■ WHAT YOU WILL DO
Copy the data that appears below exactly. Drop the pictures.

■ DATA SEGMENT
—————
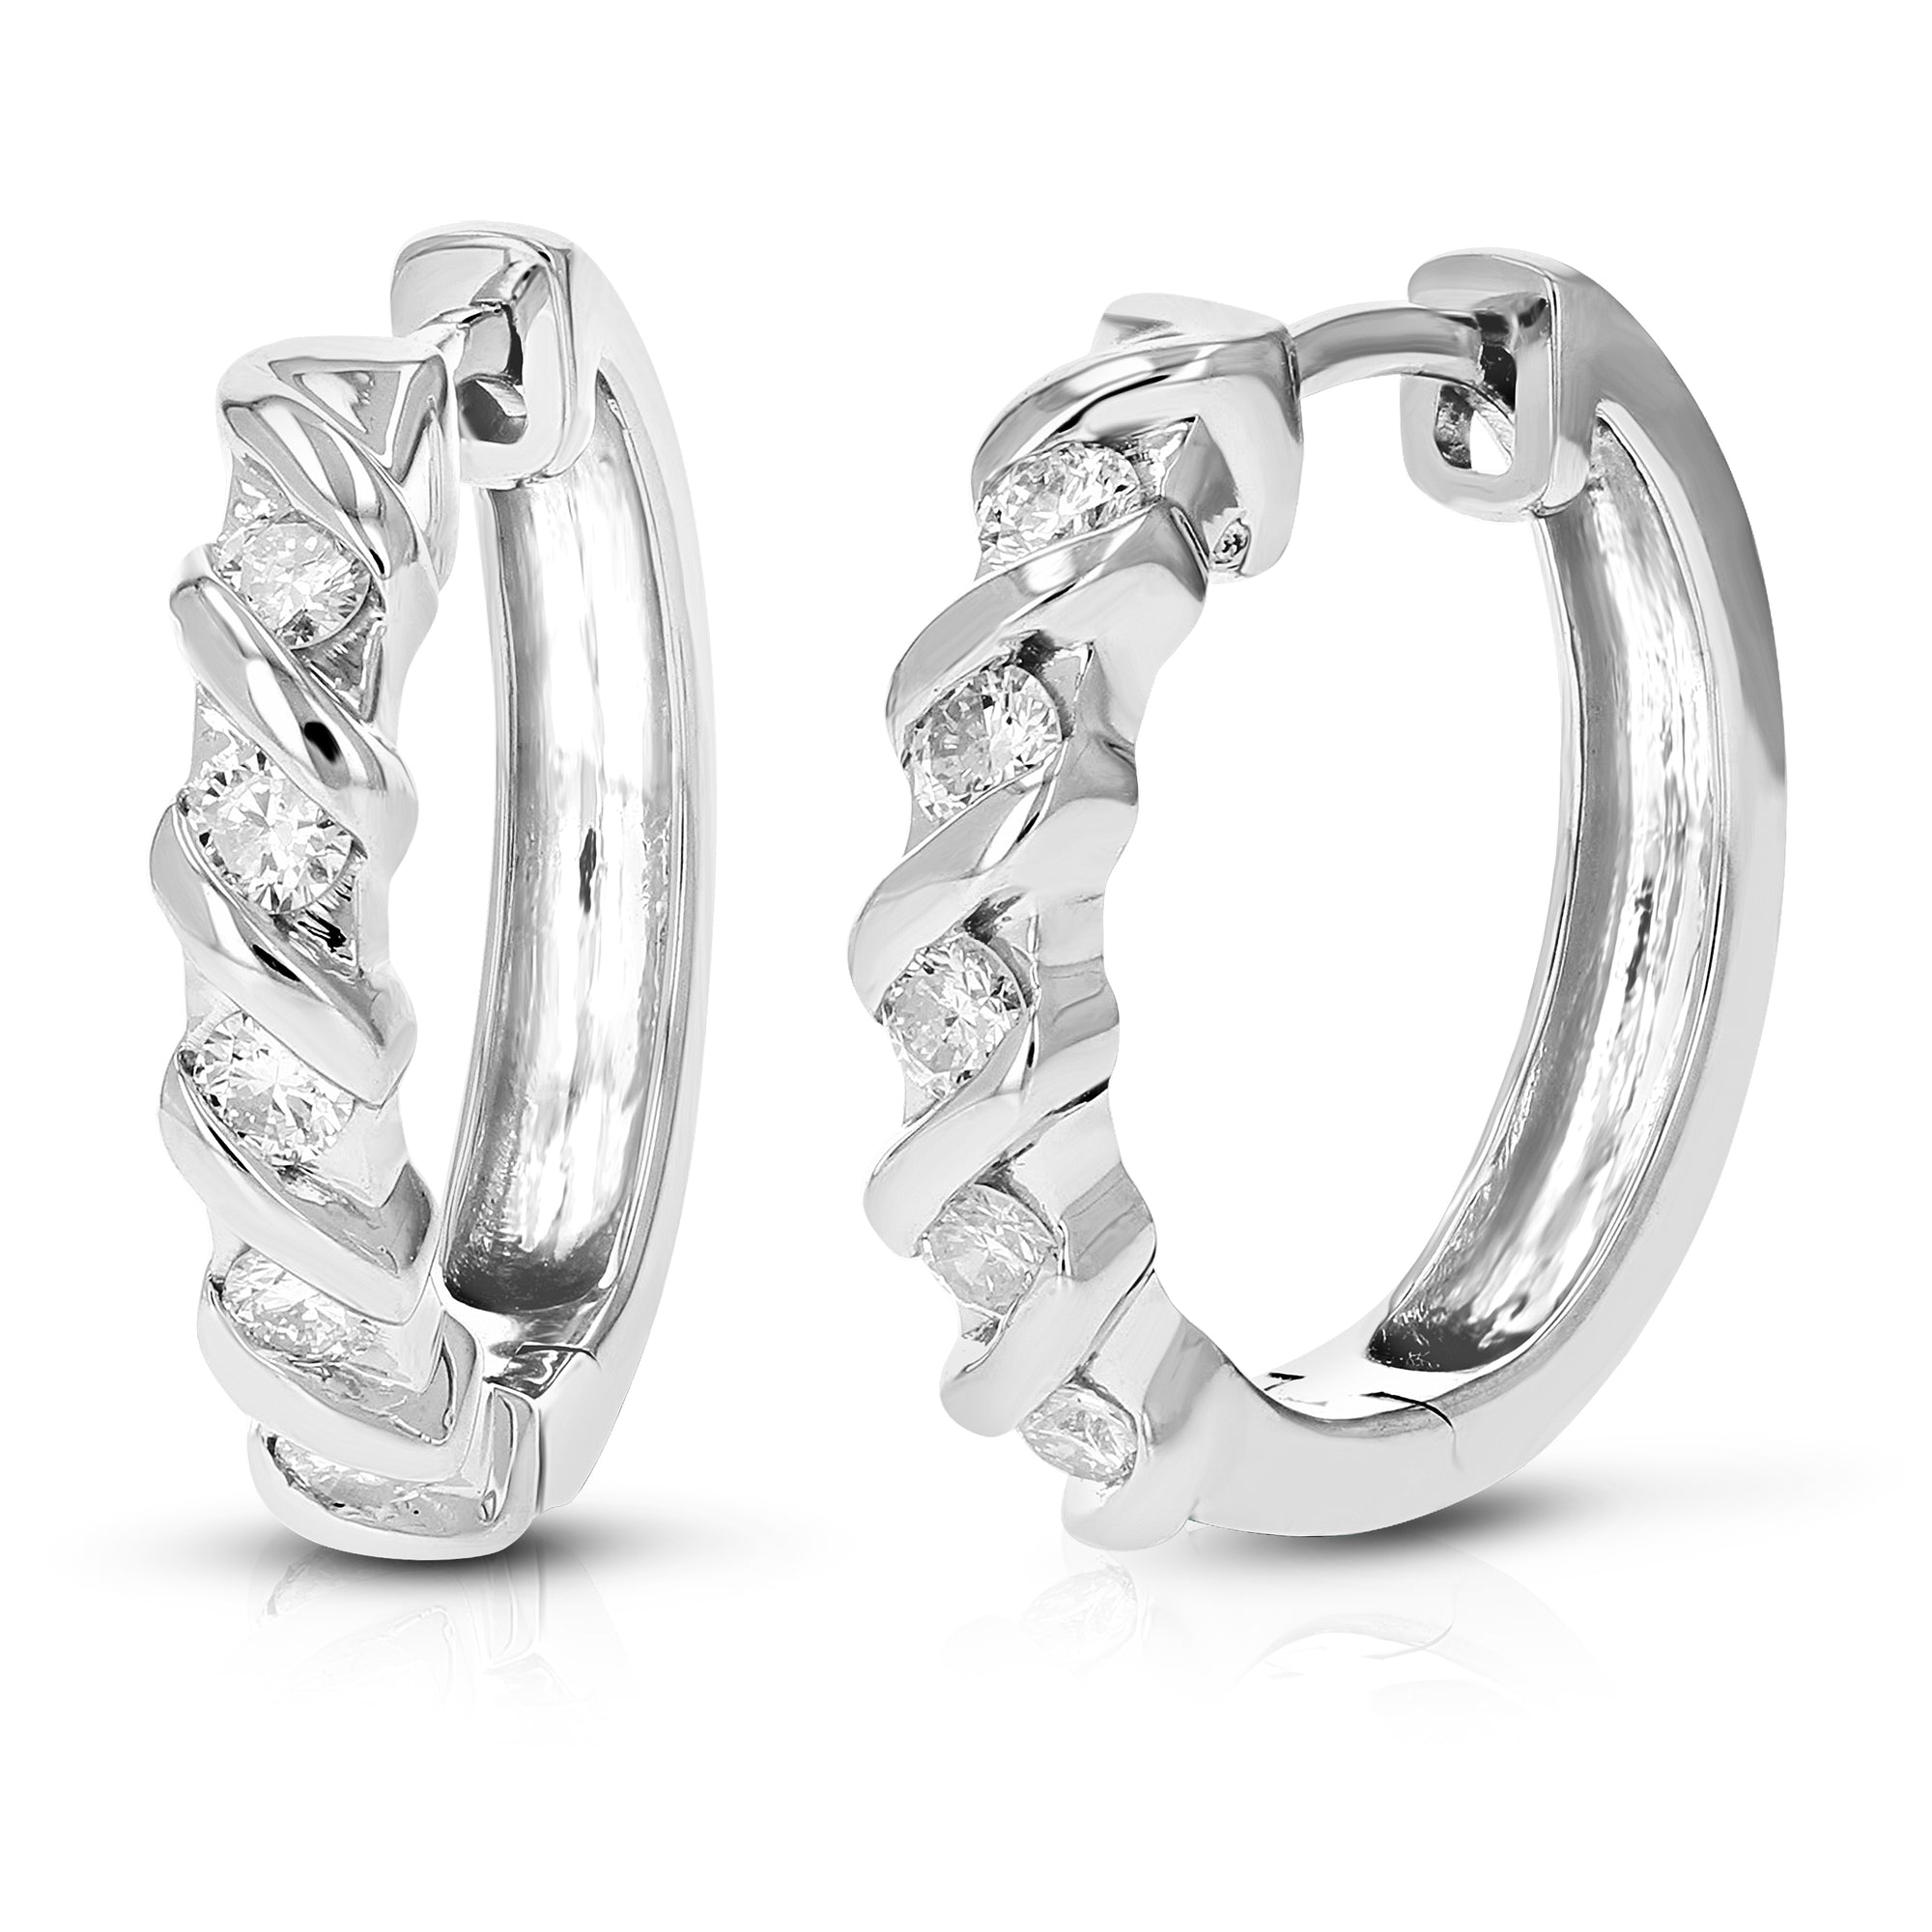 1/2 cttw Diamond Hoop Earrings for Women, Round Lab Grown Diamond Earrings in .925 Sterling Silver, Channel Setting, 3/4 Inch
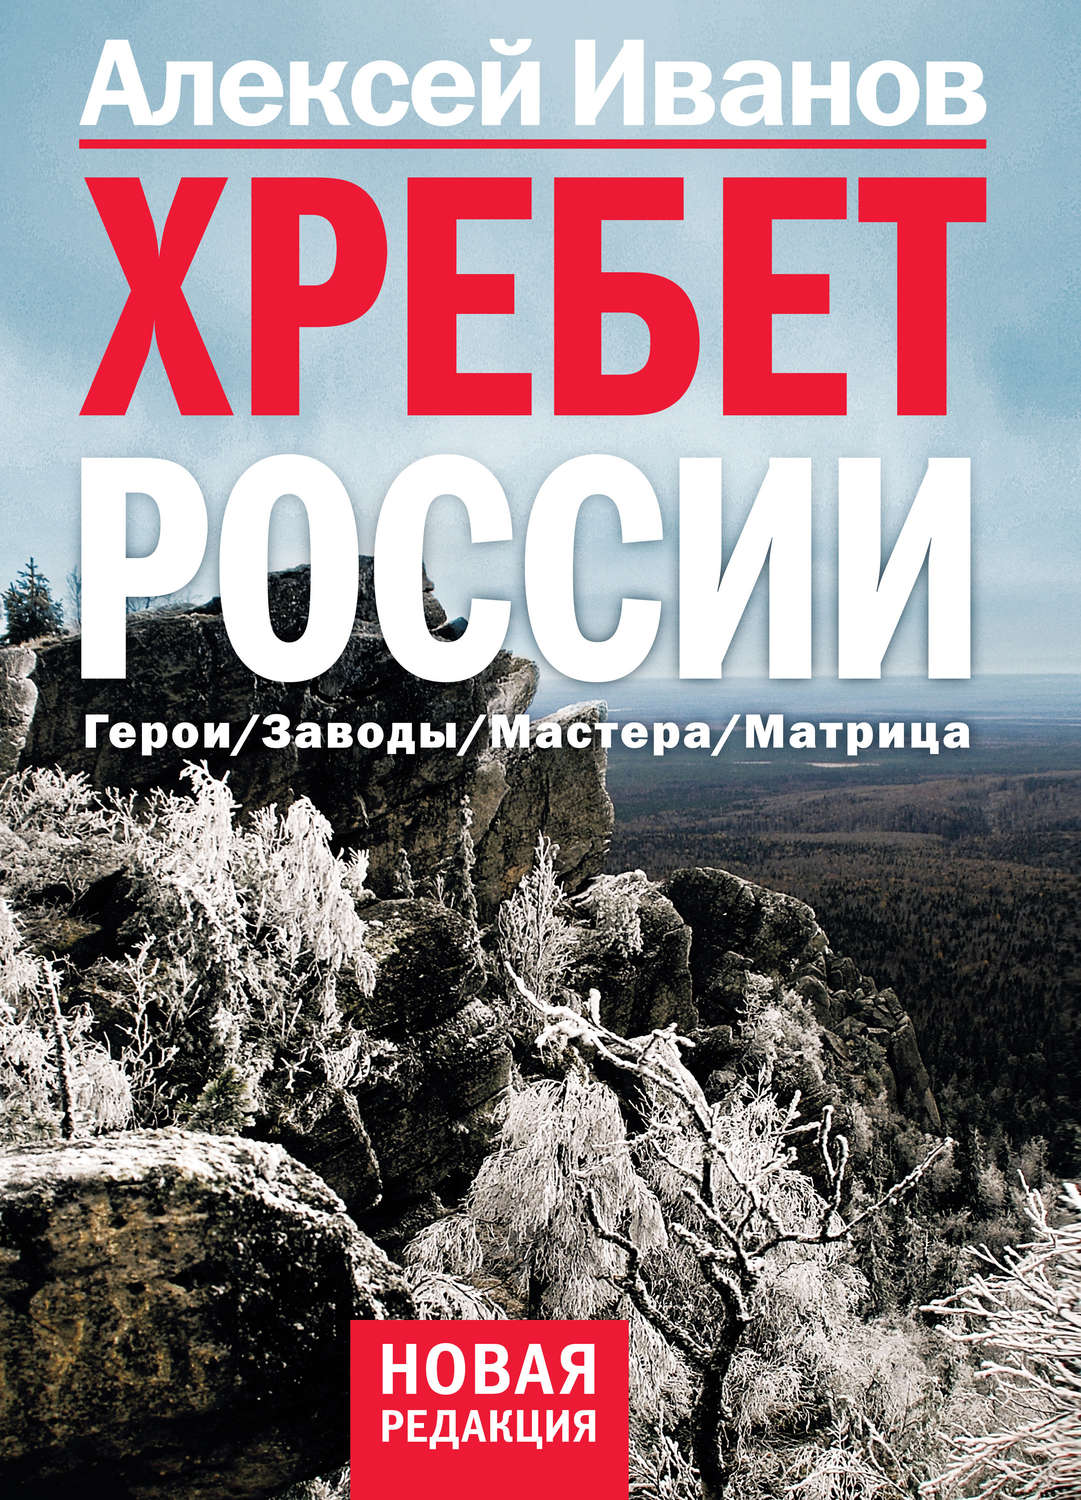 Книги алексея иванова скачать бесплатно хребет россии
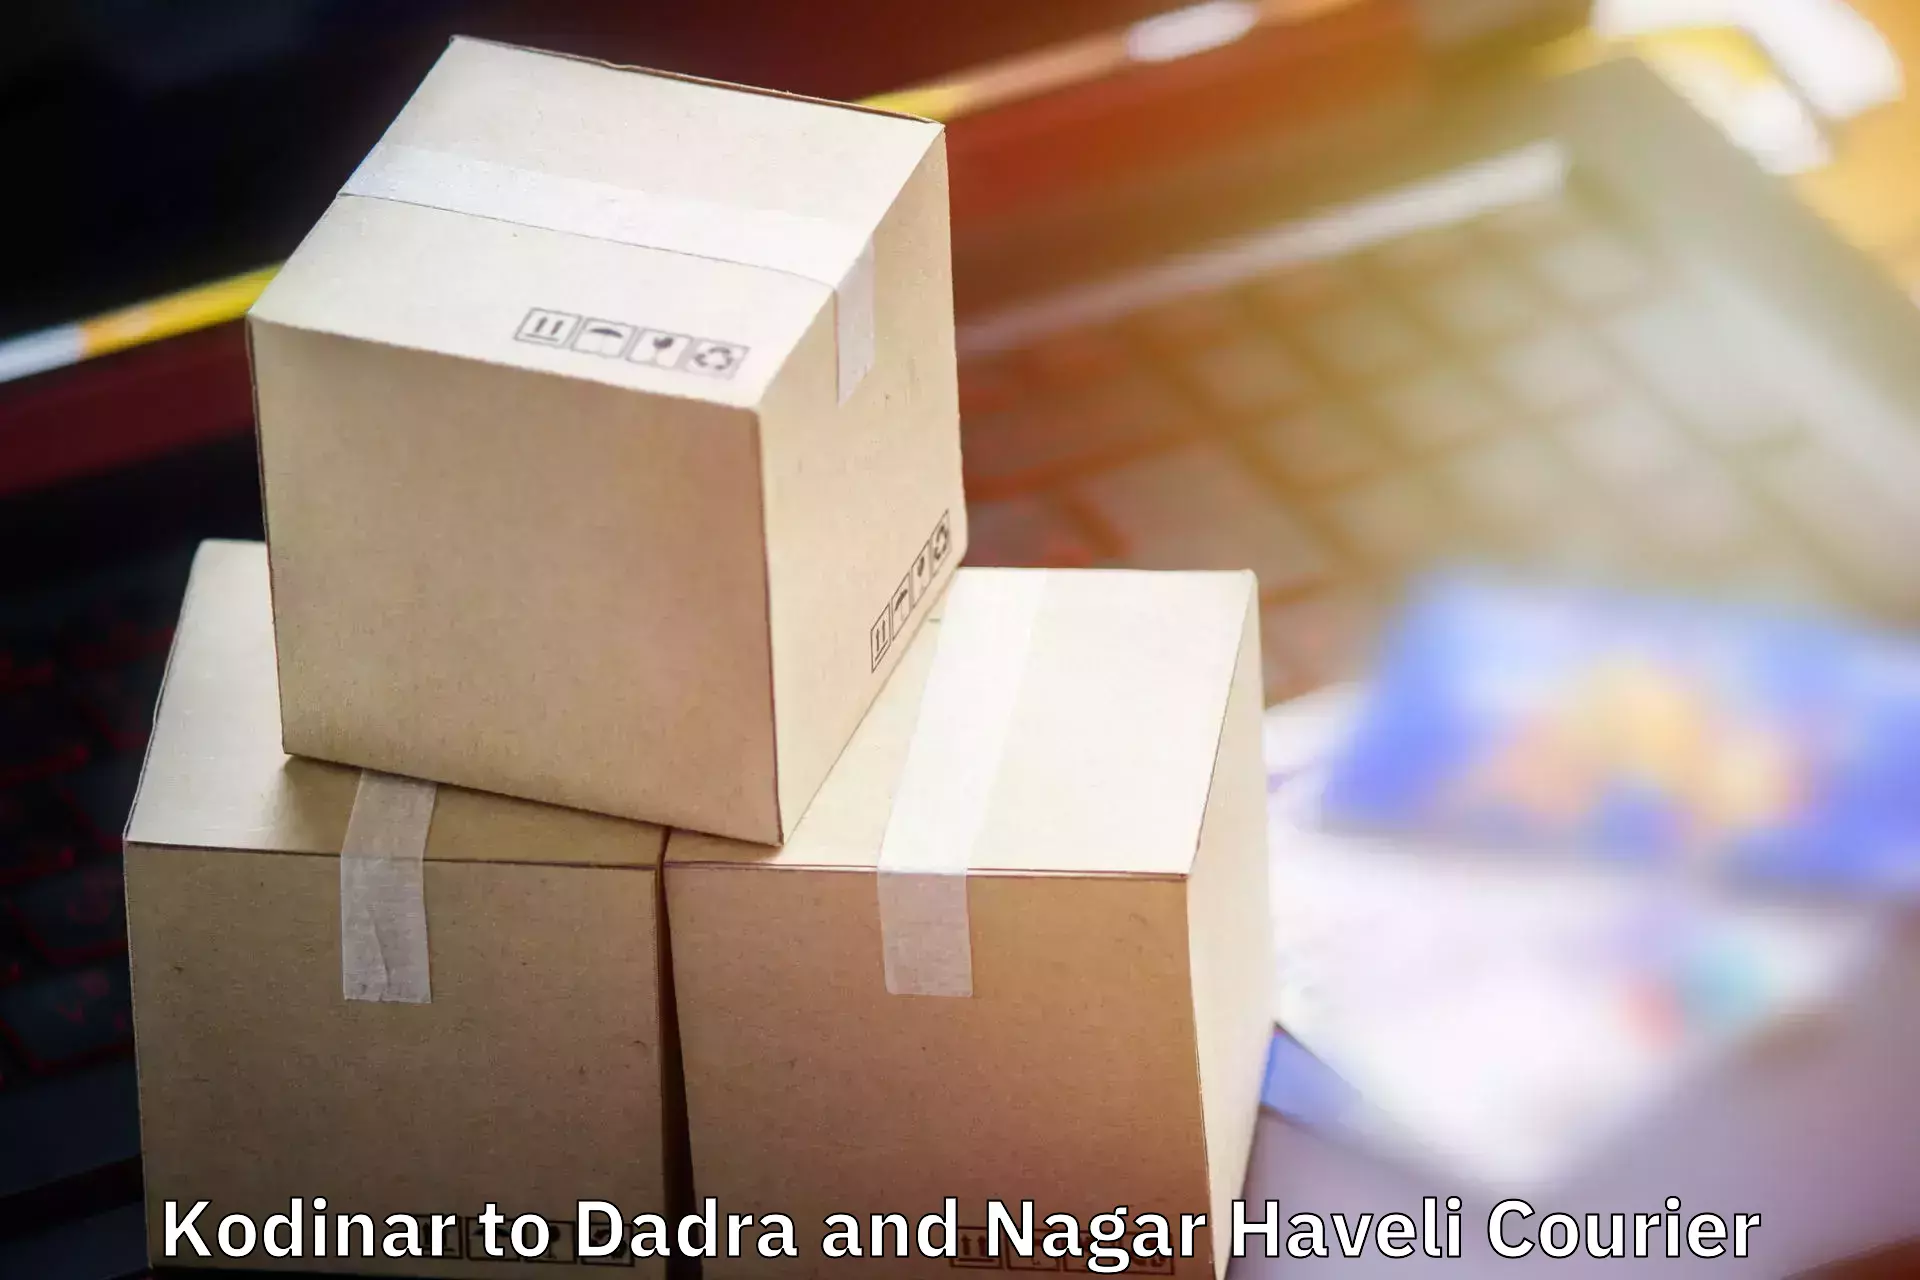 Digital baggage courier Kodinar to Dadra and Nagar Haveli
—————
■ REPLY
 1/2 cttw Diamond Hoop Earrings for Women, Round Lab Grown Diamond Earrings in .925 Sterling Silver, Channel Setting, 3/4 Inch
 Книги алексея иванова скачать бесплатно хребет россии
 Digital baggage courier Kodinar to Dadra and Nagar Haveli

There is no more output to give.